I'm not sure what you mean by a call-back from XPath to XSLT?
Presumably you mean that the user would have to write an extension
function in order to deal with it? If that's a problem, then I think
it's a problem in the current set-up as well. As I outlined in my
original proposal, and demonstrated in the above example, there are
lots of things that XPath cannot do all on its own; you're not going
to be able to support users doing everything in XPath unless you have
function definitions in XPath, and I *really* hope that ain't gonna

I should also make clear, in case it wasn't already, that I am fully
in favour of simple conditional expressions (e.g. condition ?
true-value : false-value) and simple mapping expressions (e.g.
sequence -> map-function) within XPath 2.0. I believe that these,
together with date-time data types and the new aggregation functions
(min(), max(), avg()) would handle well over 80% of the requirement
for functionality in XPath to support key and sort values. The
remainder can always be handled through user-defined functions.

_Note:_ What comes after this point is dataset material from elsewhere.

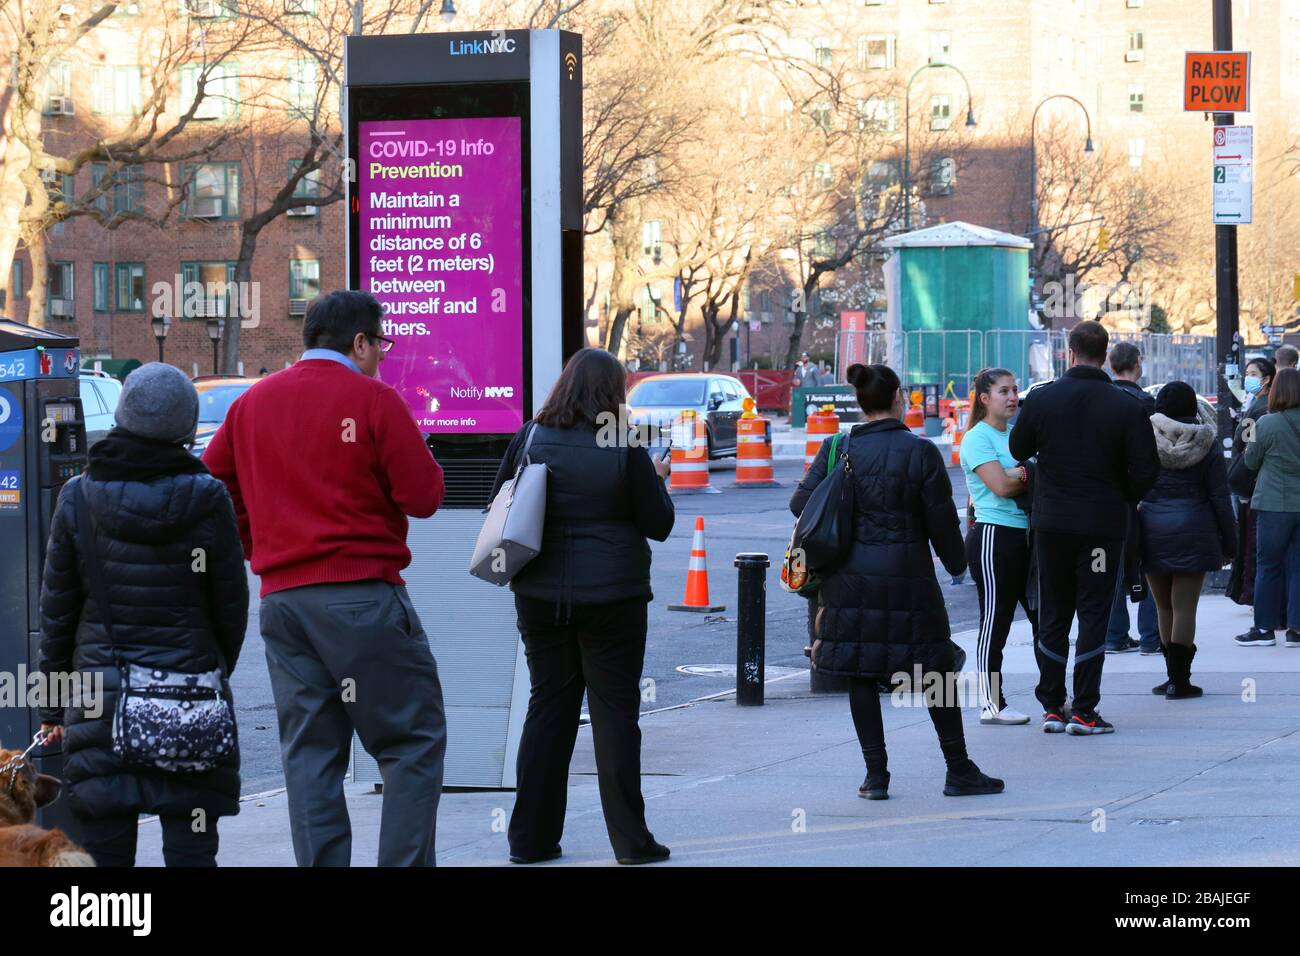 New York, NY, 27 marzo 2020. I newyorkesi che praticano il sociale di distanza mentre accodano per entrare in un supermercato... PER ULTERIORI INFORMAZIONI, VEDERE LA DIDASCALIA COMPLETA Foto Stock

> (c) Functionality implemented at the XPath level is probably easier
> to optimize, because within the context of an XPath expression,
> there are no side-effects, whereas XSLT instructions have the
> side-effect of writing nodes to the result tree.

I'll have to take your word for that. I don't understand, though, how
XQuery manages to deal with optimising around the side-effect of
writing to the result tree (which presumably it can do?) and yet XSLT
can't. I don't understand why:

  for $b in //books { <book>...</book> }

is any more optimisable than:

  <xsl:for-each select="//books"><book>...</book></xsl:for-each>

These seem to be slightly different syntaxes for roughly the same
thing; I don't see why they can't be interpreted in the same way.

Further, I have to say that I don't think that optimisability is as
high on my priorities for XPath/XSLT 2.0 as usability.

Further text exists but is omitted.